Synaptic transistors, inspired by brain plasticity, have shown strong potential as neuromorphic computing elements. Employing 2D materials for synaptic devices can provide an additional degree-of-freedom for monolithically integrated circuits owing to their atomically thin body and suitable electrical properties. Herein, a programmable molybdenum disulfide (MoS2) field-effect transistor (FET) that emulates synaptic interaction via phase engineering, which is assisted by field-driven ionic modulation, is reported.
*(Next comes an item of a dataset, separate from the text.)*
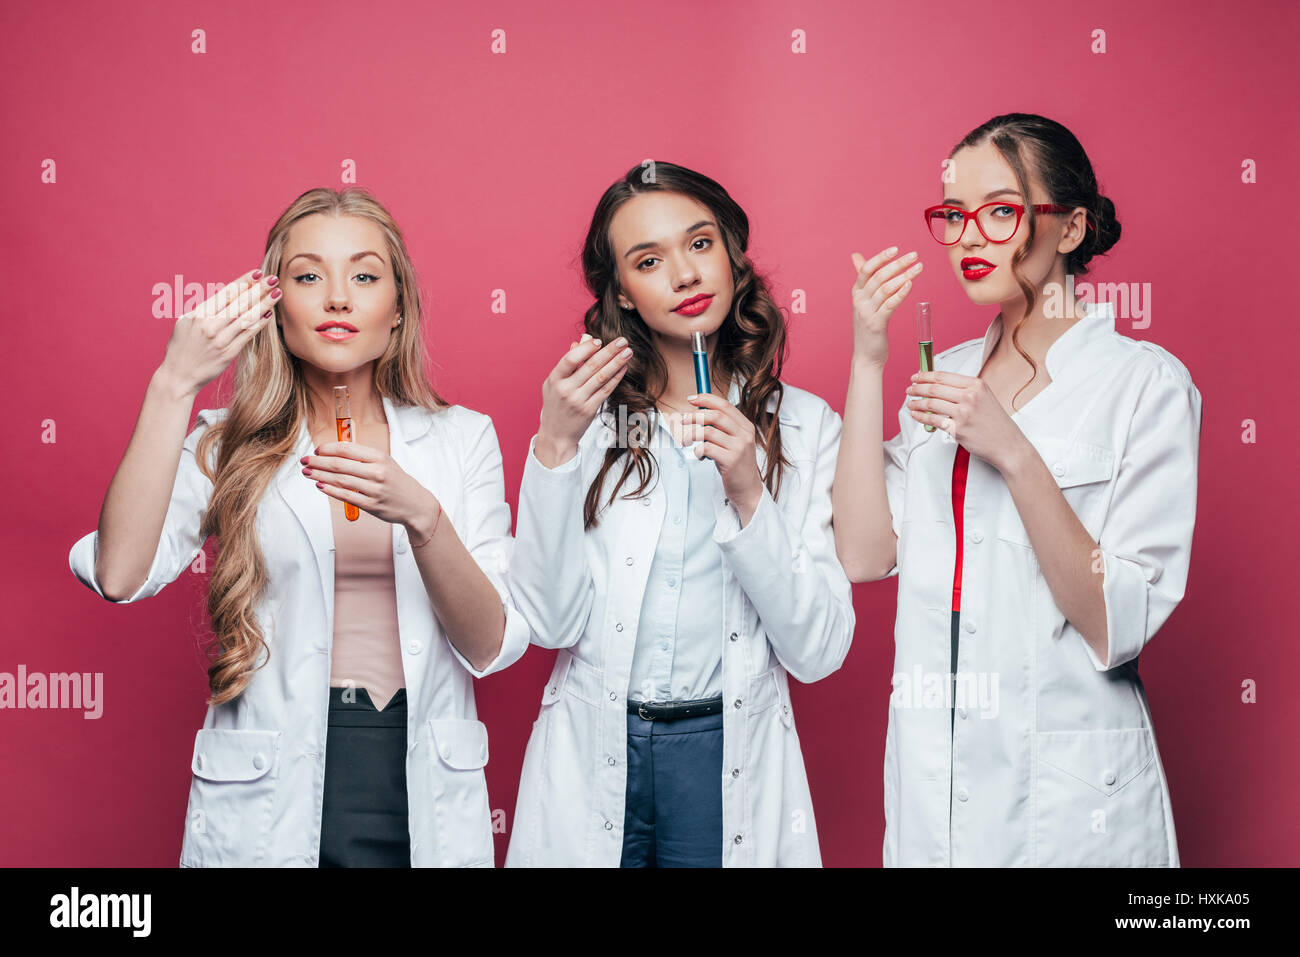 Ritratto di professionisti medici odore di provette in rosa Foto Stock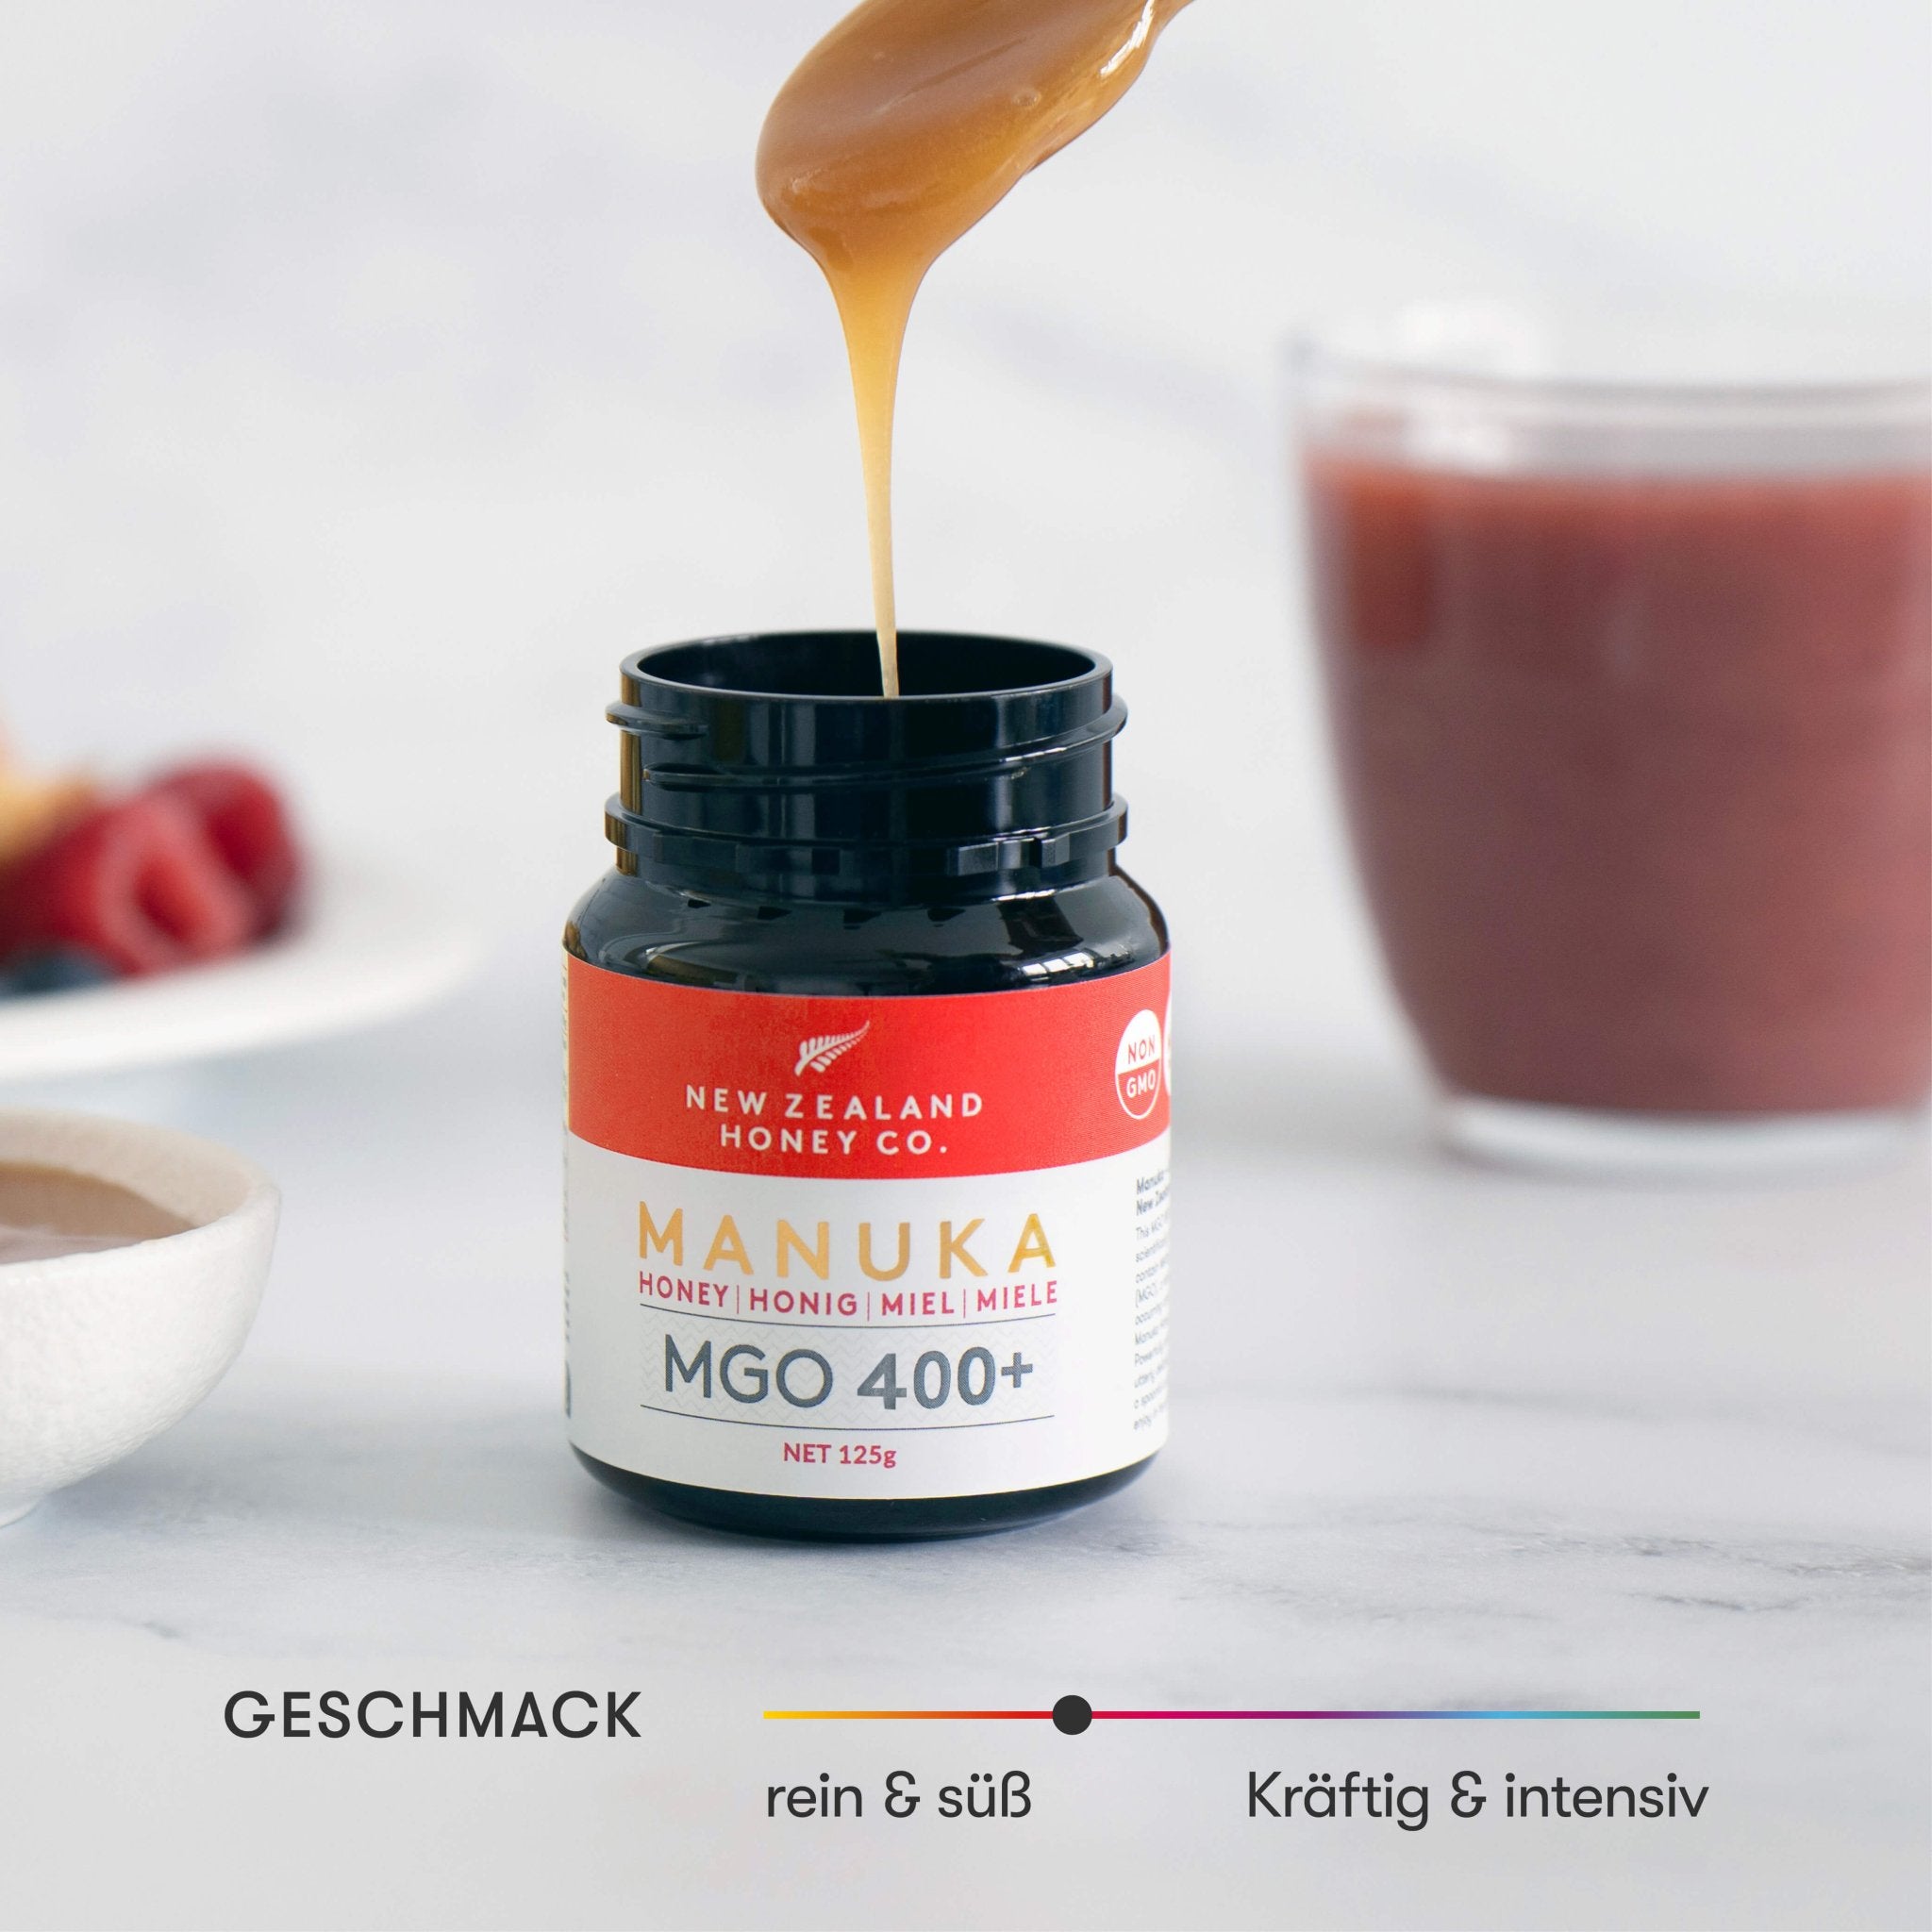 Manuka-Honig Minis - New Zealand Honey Co. DE

Li+ ions selectively introduced into the van der Waals gap of the multilayer MoS2 convert the 2H phase (semiconducting) into the 1T' phase (metallic), resulting in a seamless and reversible 1T'/2H heterophase homojunction device. The 1T'-MoS2 region exhibits dynamic resistive switching behavior in a non-volatile fashion with a switching ratio of approximate to 10 owing to the Li+ ion redistribution under the applied electric field. By controlling the Schottky barrier height of the 1T'-MoS2 channel, the behaviors of the monolithically integrated 1T'/2H-MoS2 FET can be programmed with non-volatility. The 1T'/2H-MoS2 heterophase homojunction device shows multilevel current output with a multistate computing window, indicating its potential as a stable multilevel neuro synaptic device. These results could enable the development of highly functional and energy-efficient neuromorphic systems via the monolithic integration of 2D materials.